= Market run =

Purchasing spree caused by an anticipated shortage

A market run or run on the market occurs when consumers increase purchasing of a particular product because they fear a shortage. As a market run progresses, it generates its own momentum: as more people demand the item, the supply line becomes unable to keep up. This causes a local shortage, which in turn encourages further hoarding.

Examples include a run on the gasoline market following hurricane Katrina in 2005, an ammunition shortage following President Obama's election in 2008, and a run on toilet paper following a Johnny Carson joke on The Tonight Show in 1973.

== Relationship to panic buying ==
The phenomenon described as a market run is closely related to the well-studied economic behaviour known as panic buying, in which consumers purchase unusually large quantities of goods in anticipation of a shortage or crisis. In economics, panic buying refers to a rapid surge in demand driven by fear of future scarcity, often exacerbated by social influence and media reporting, which can itself create or worsen shortages.
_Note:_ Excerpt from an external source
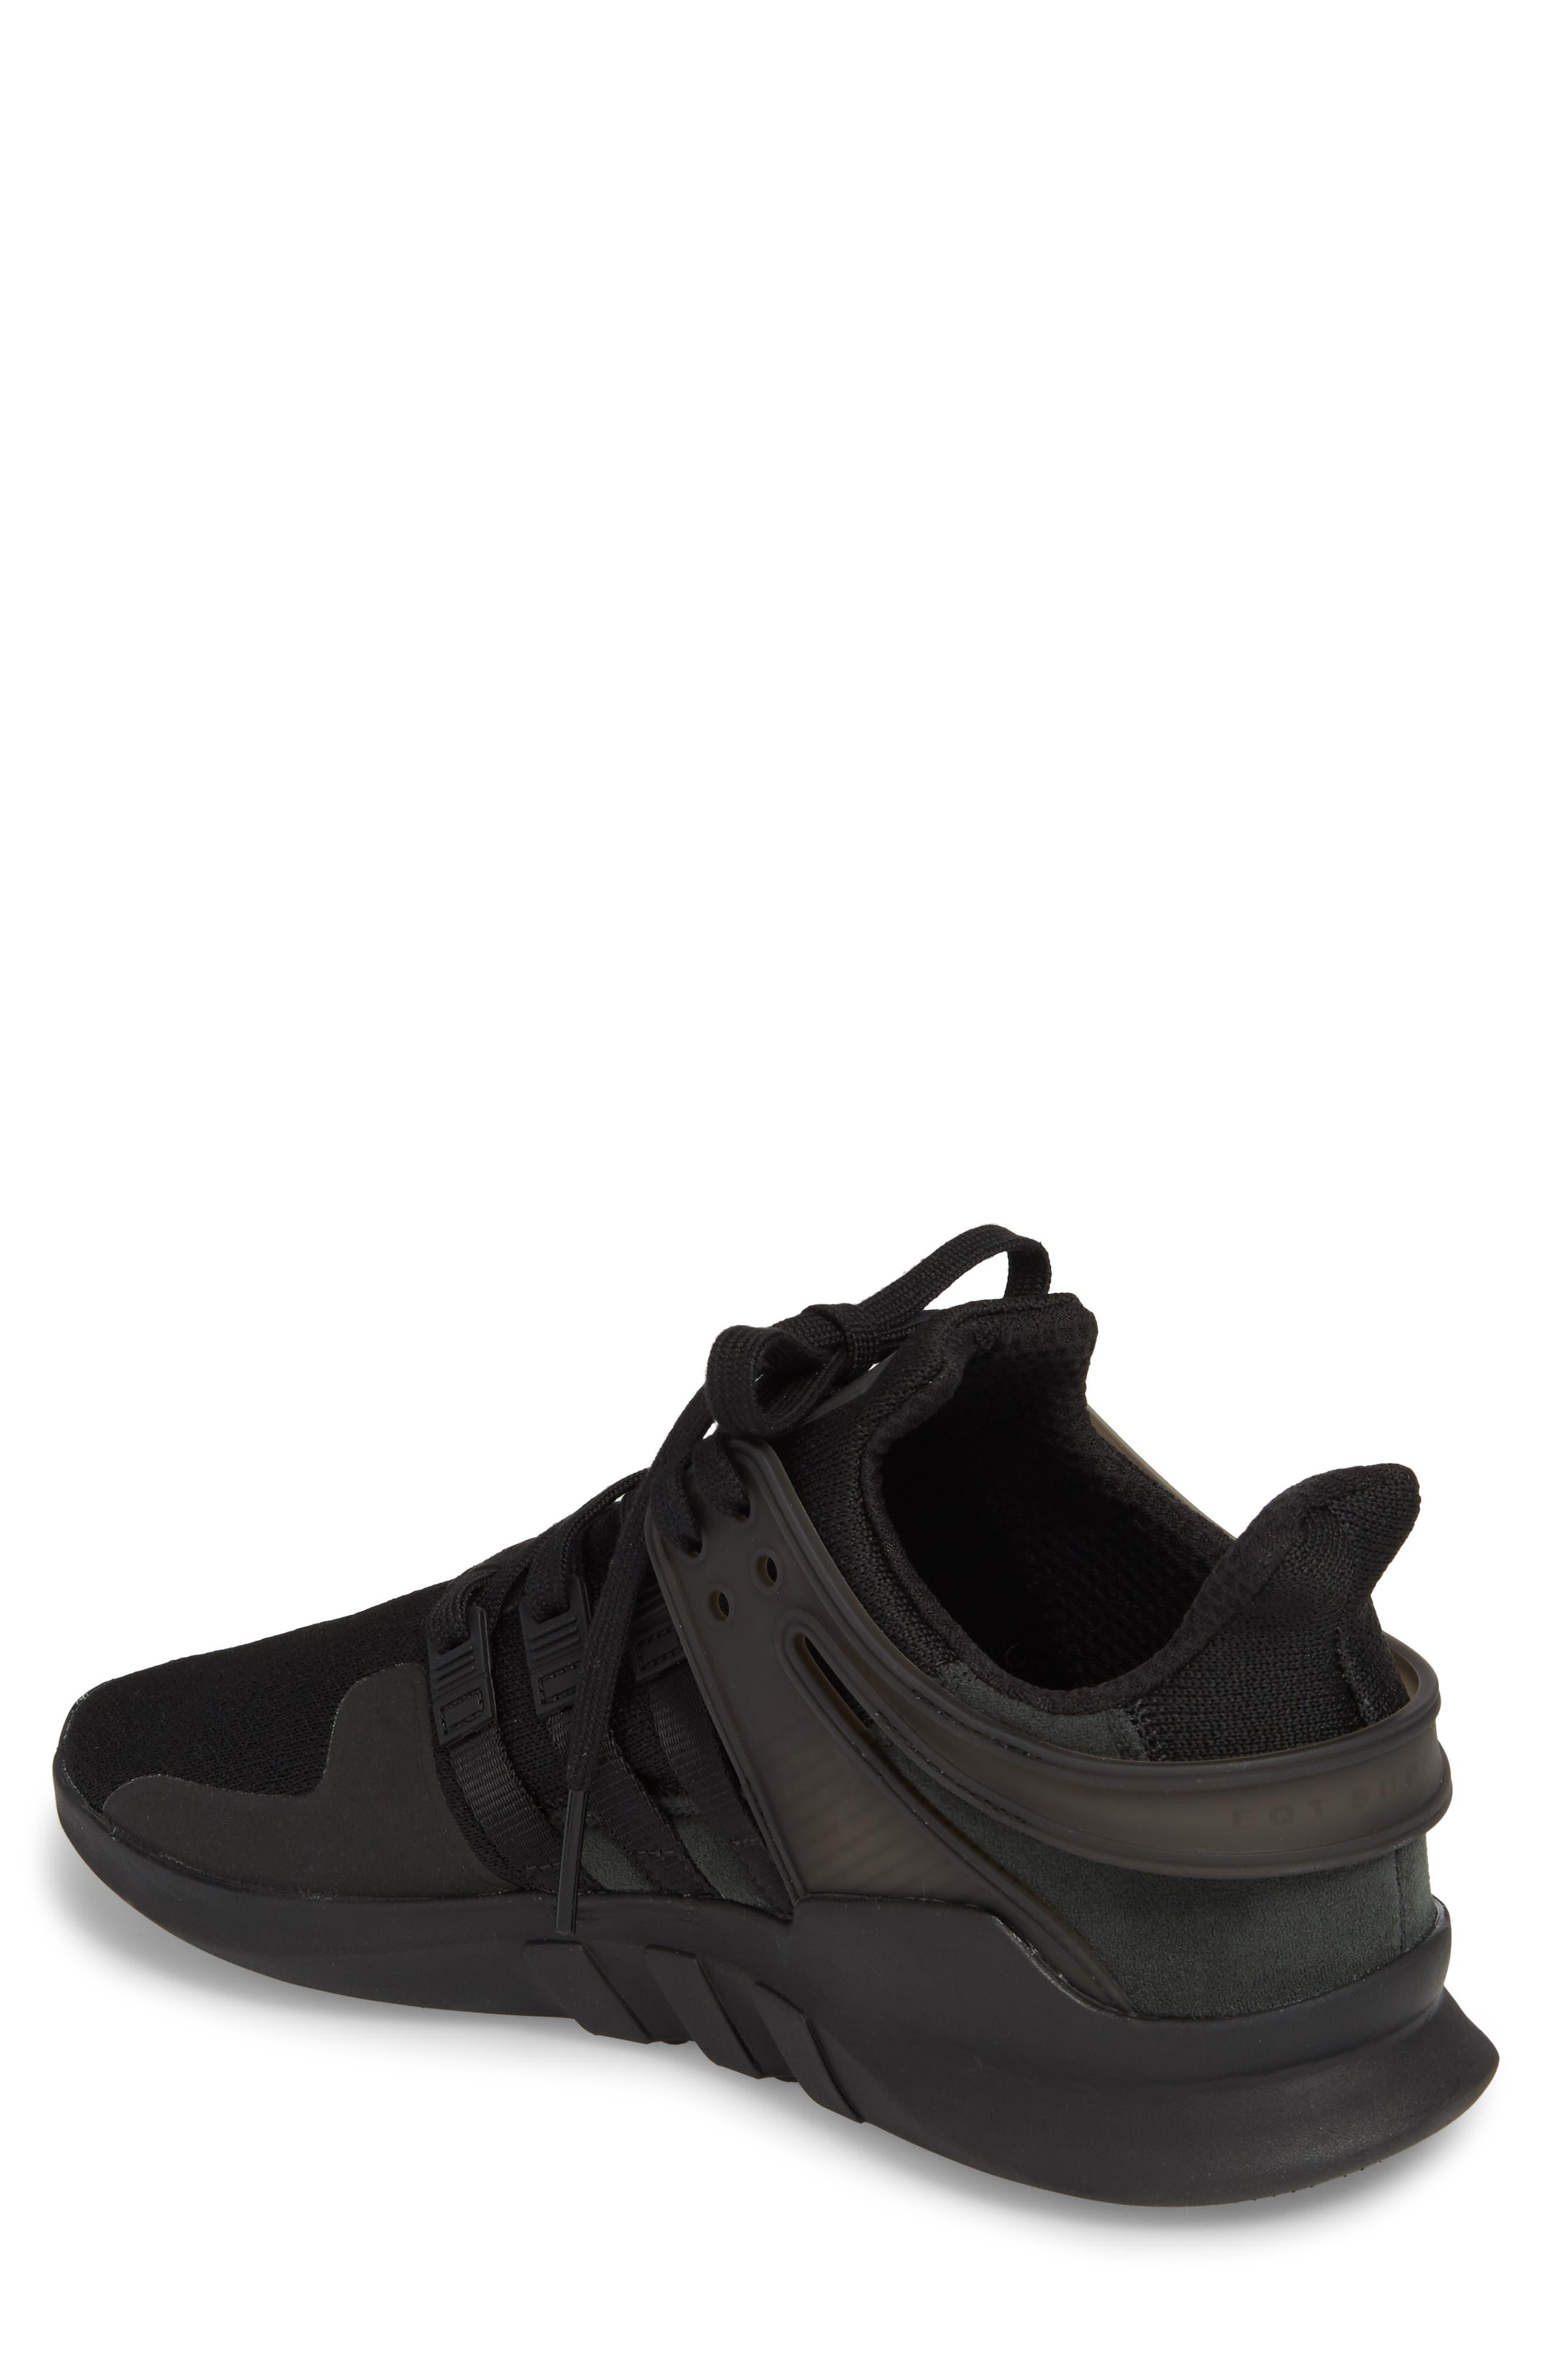 EQT Support Adv Sneaker,                             Alternate thumbnail 2, color,                             Core Black / Black / White
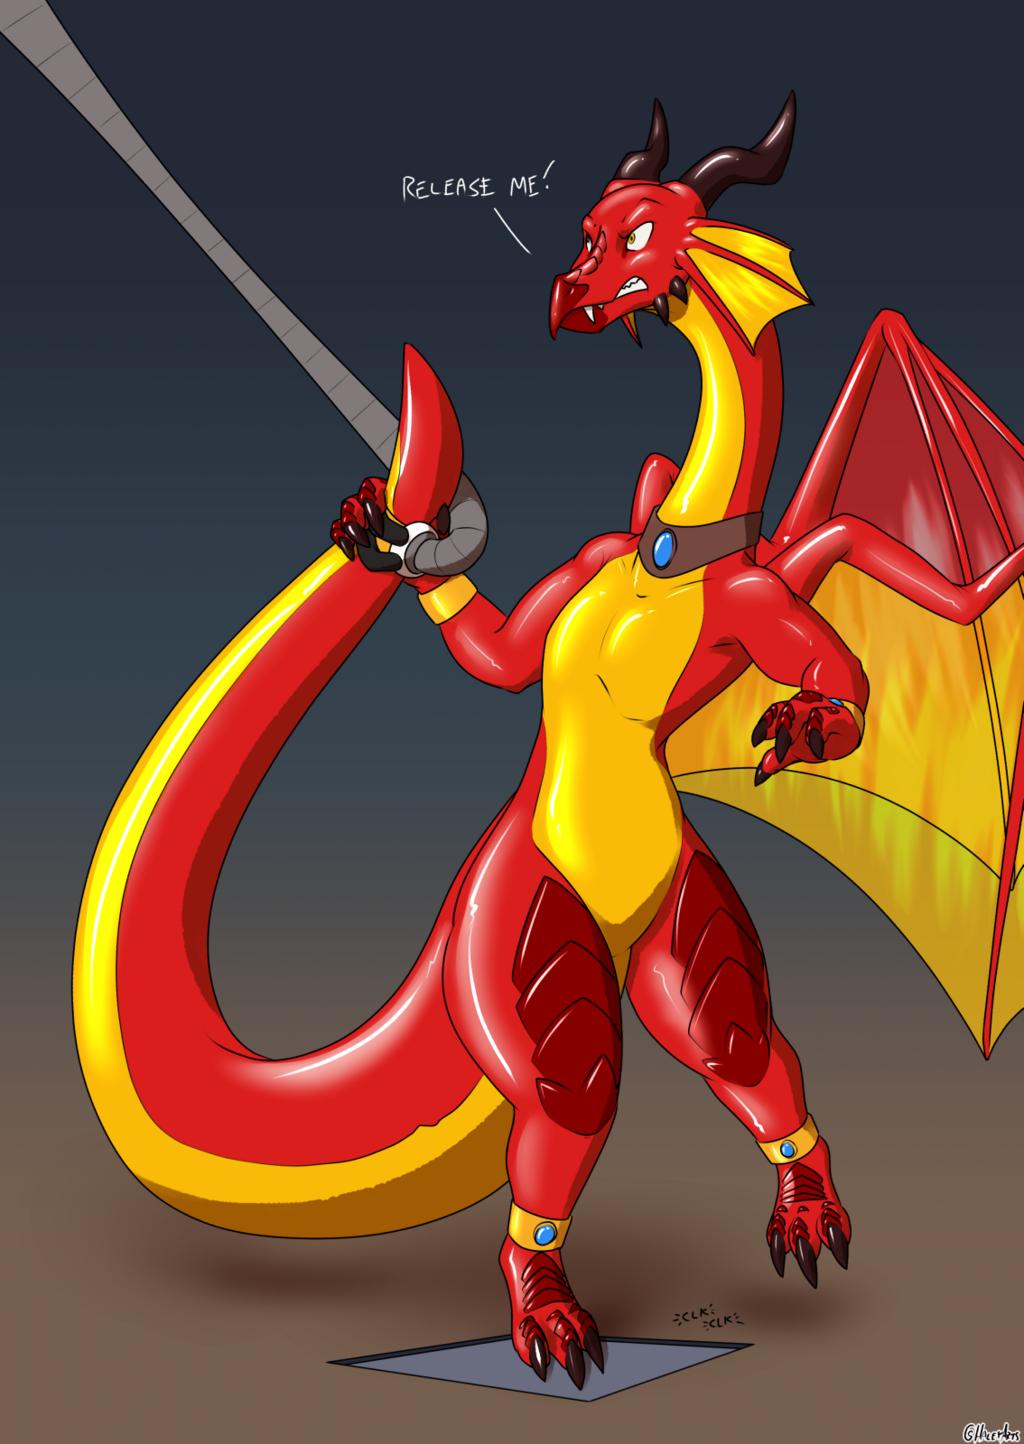 Avarisa the Inflatable Dragon #7

Academic analyses describe panic buying as a response to anticipated supply disruptions, where consumers attempt to acquire essential goods before they become unavailable, leading to temporary shortages and stockouts even in well-supplied markets. Such behaviour has been observed across diverse contexts including health emergencies, natural disasters, and supply chain disruptions, and can generate self-fulfilling shortages when consumer actions outpace supply capacity.